* **WHAT IS REQUIRED**
Give back exactly the lines from the one that holds "Bratkartoffel,Bockwurst,Salate (11)" through the final line of the data; omit the pictures and add nothing.

* **THE DATA**
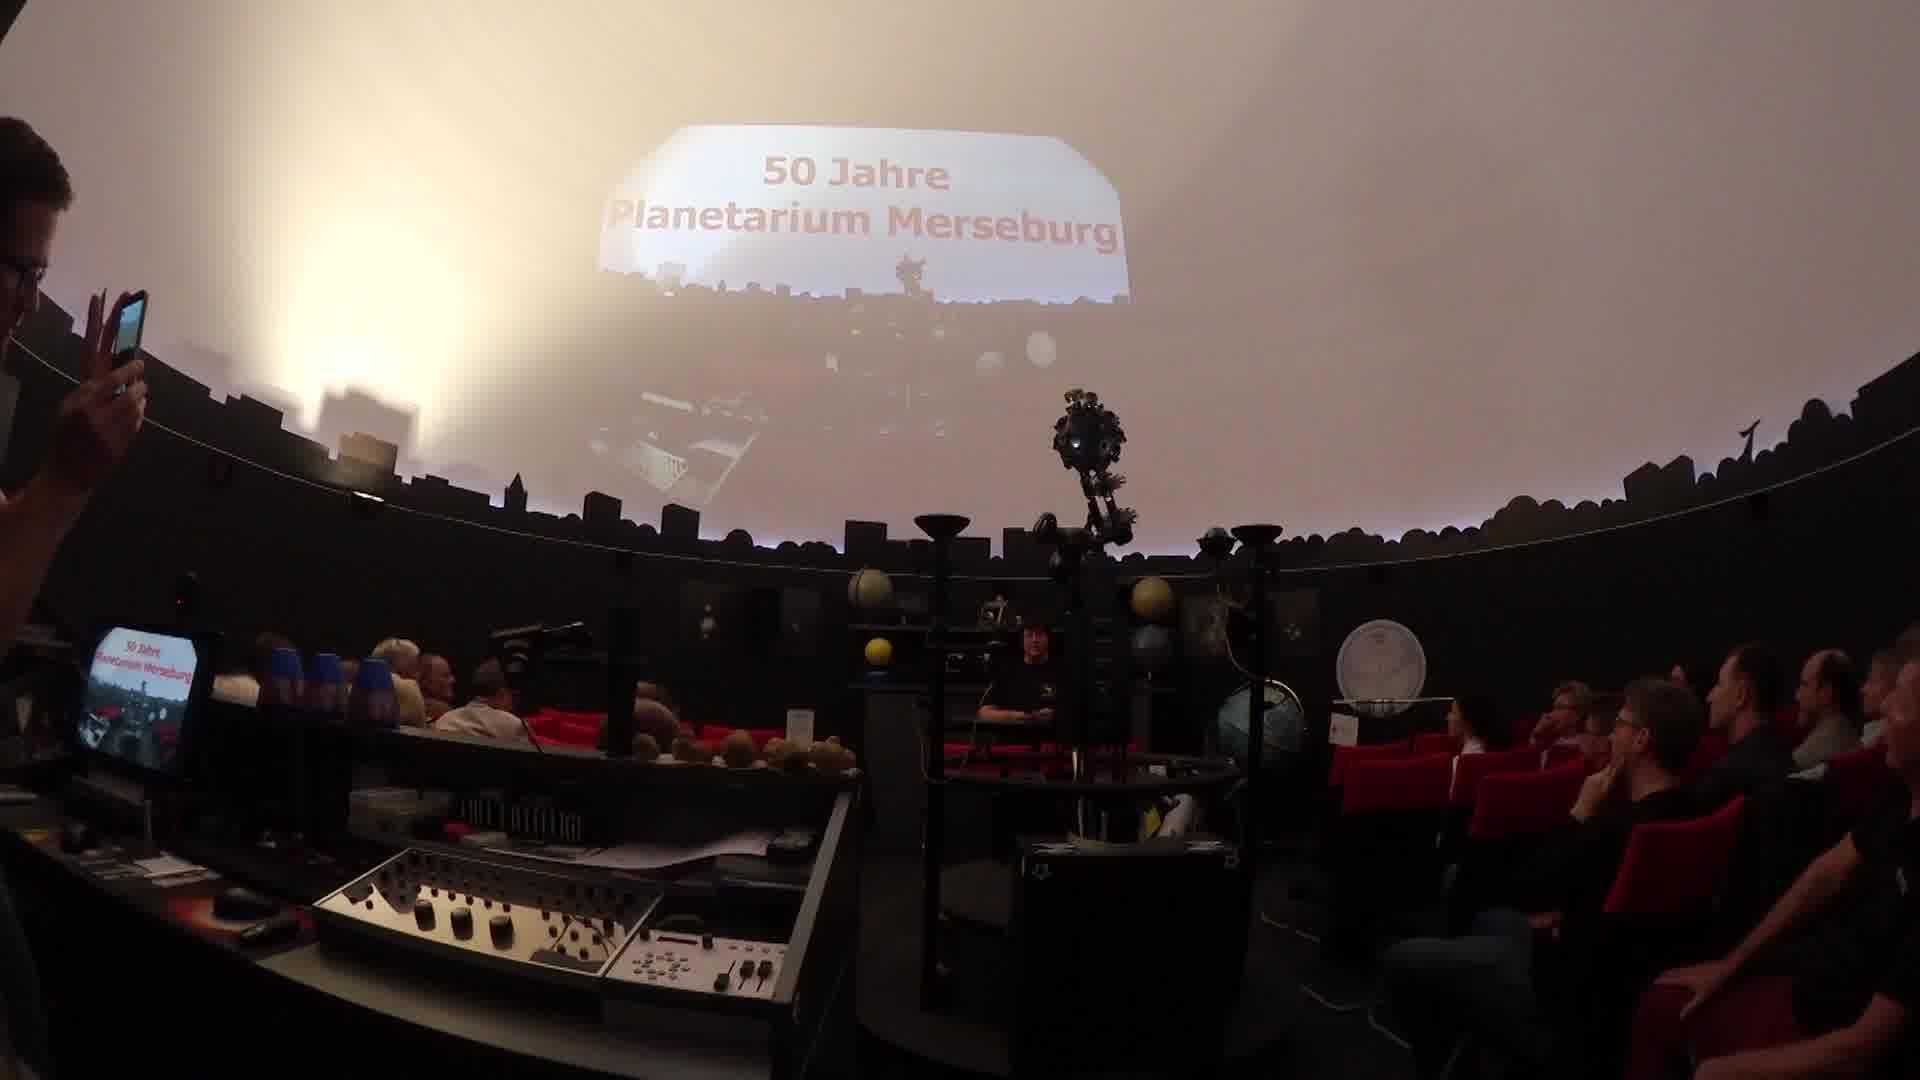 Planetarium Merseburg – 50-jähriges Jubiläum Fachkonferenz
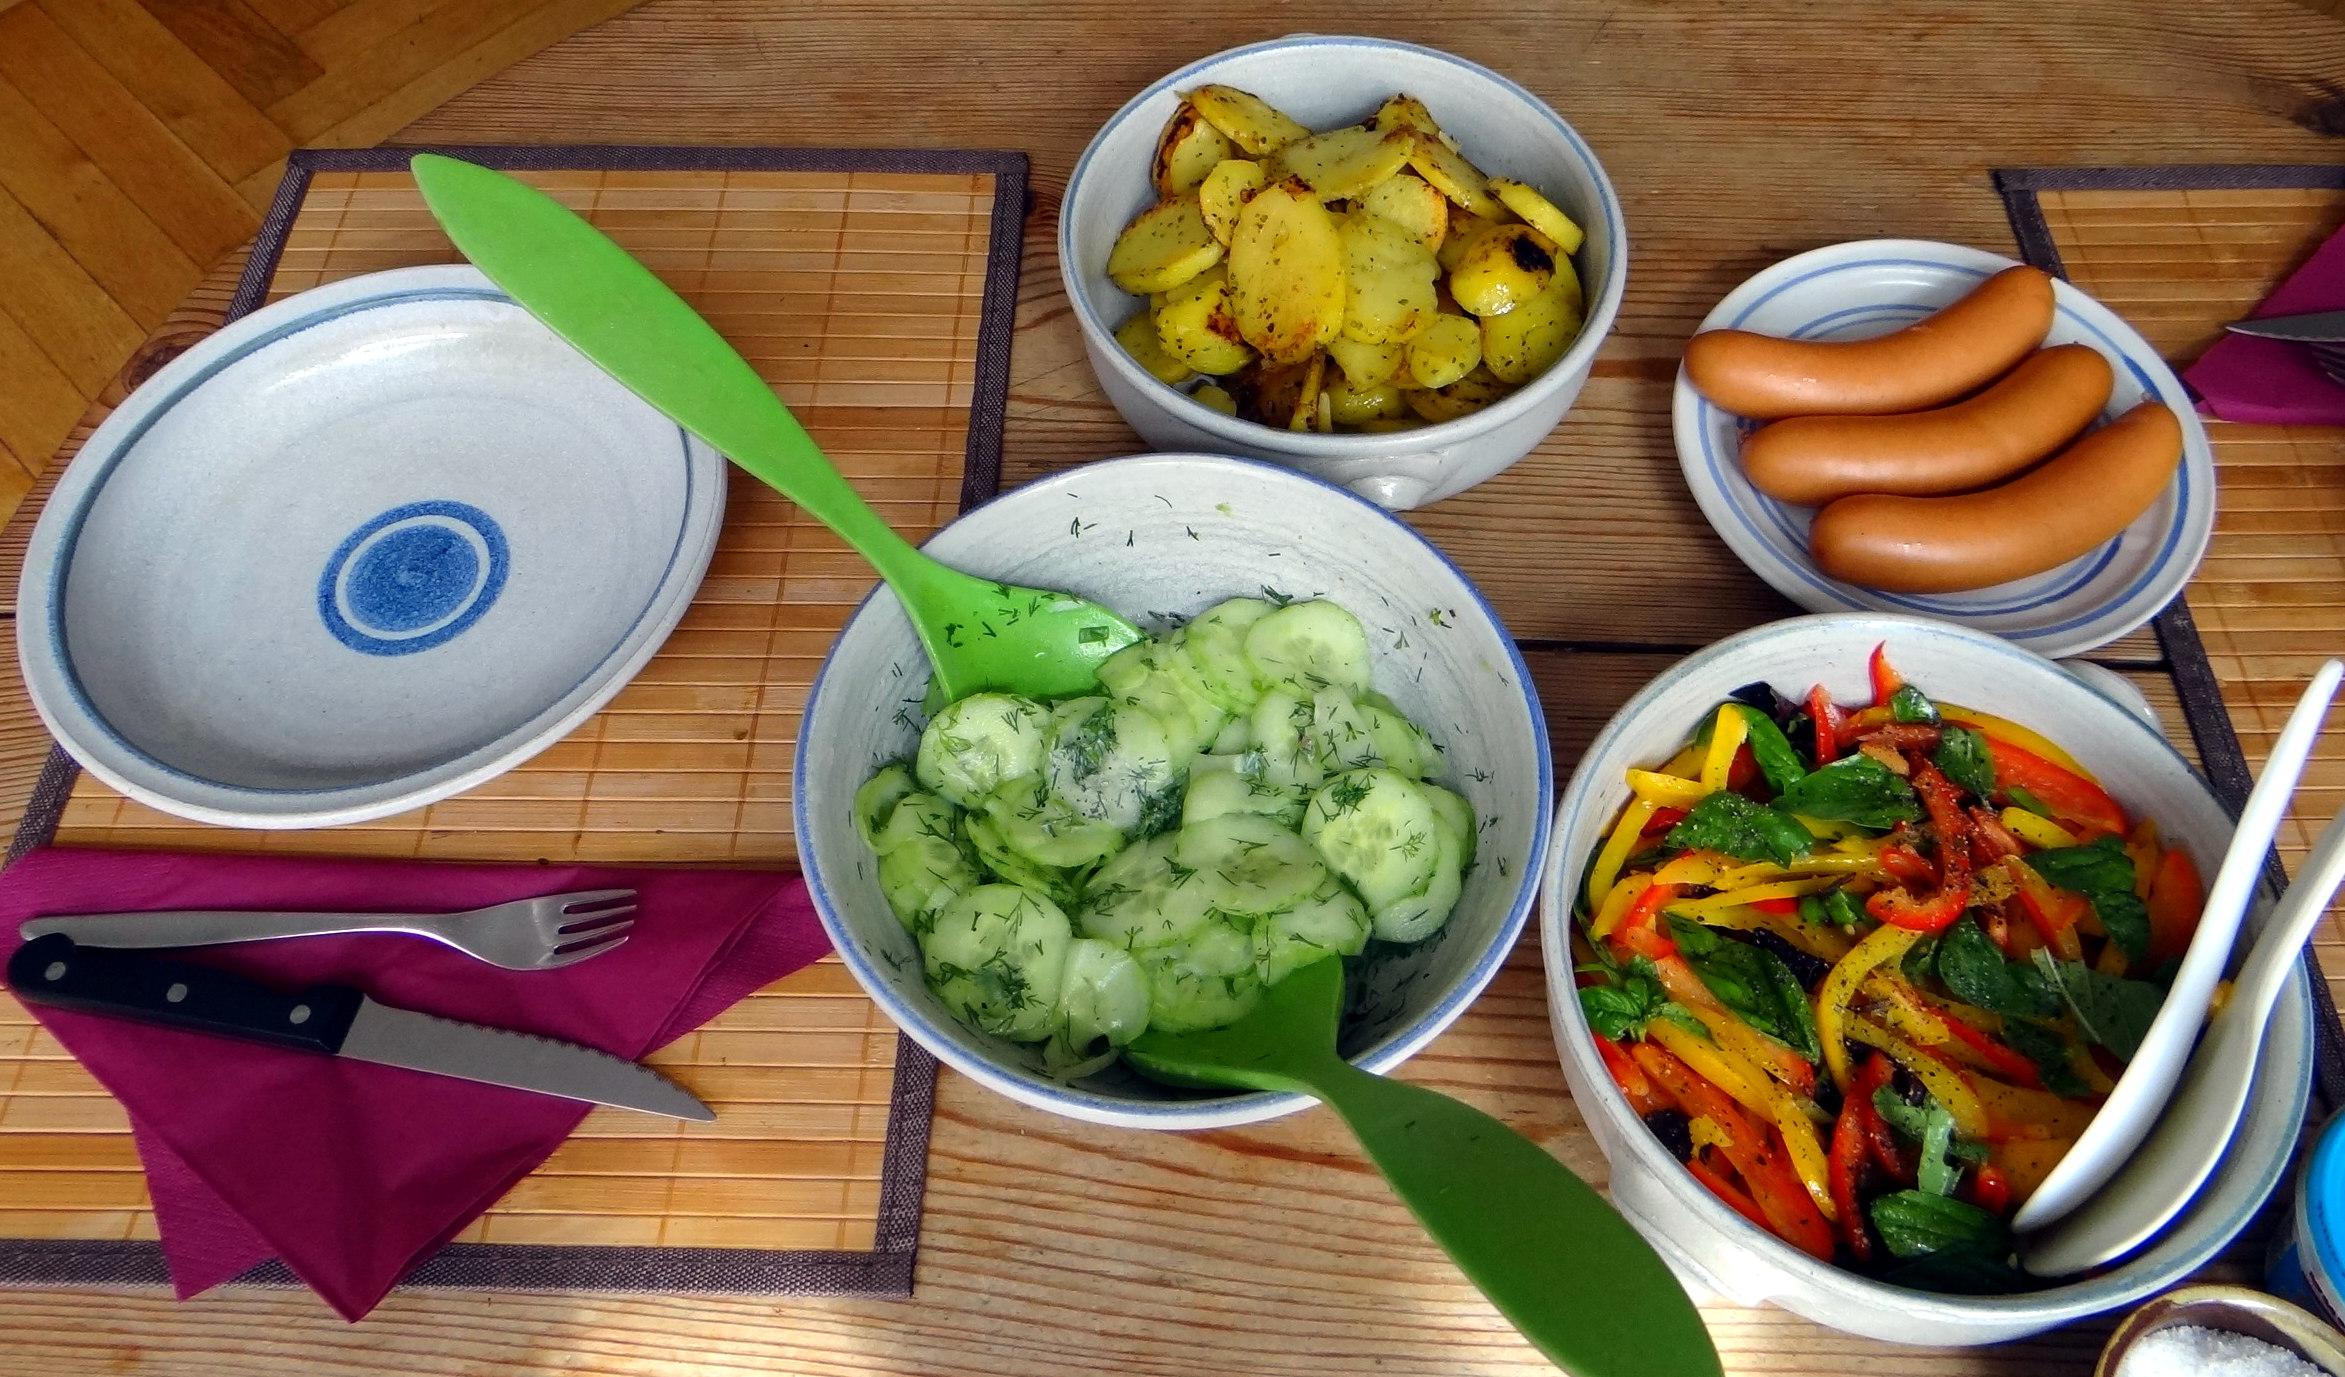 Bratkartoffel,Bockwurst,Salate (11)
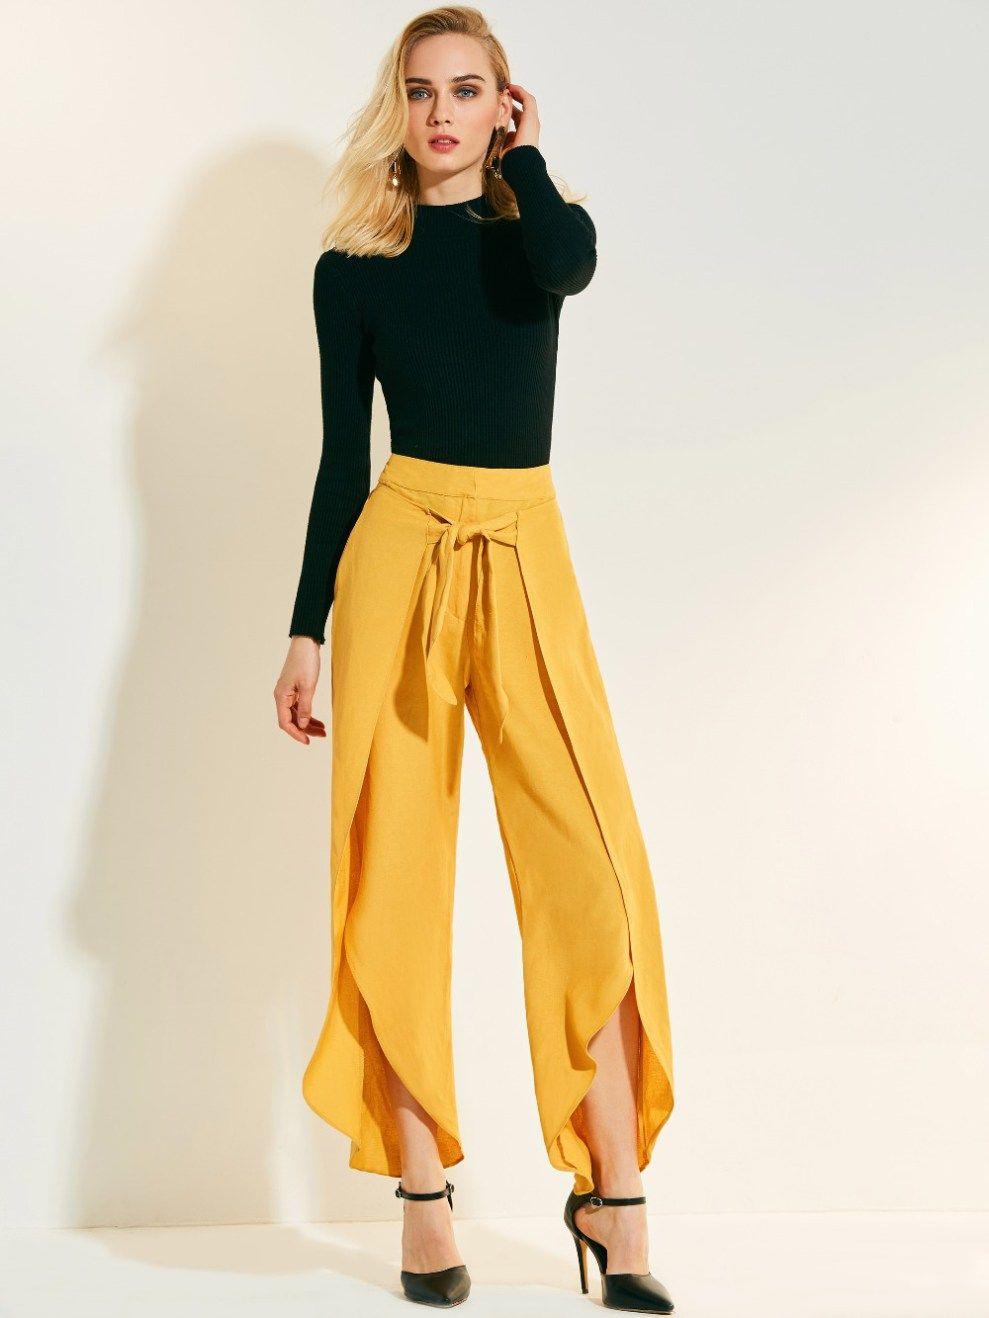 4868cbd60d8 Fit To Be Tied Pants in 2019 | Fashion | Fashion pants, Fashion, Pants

* **YOUR SOLUTION**
 Bratkartoffel,Bockwurst,Salate (11)
 4868cbd60d8 Fit To Be Tied Pants in 2019 | Fashion | Fashion pants, Fashion, Pants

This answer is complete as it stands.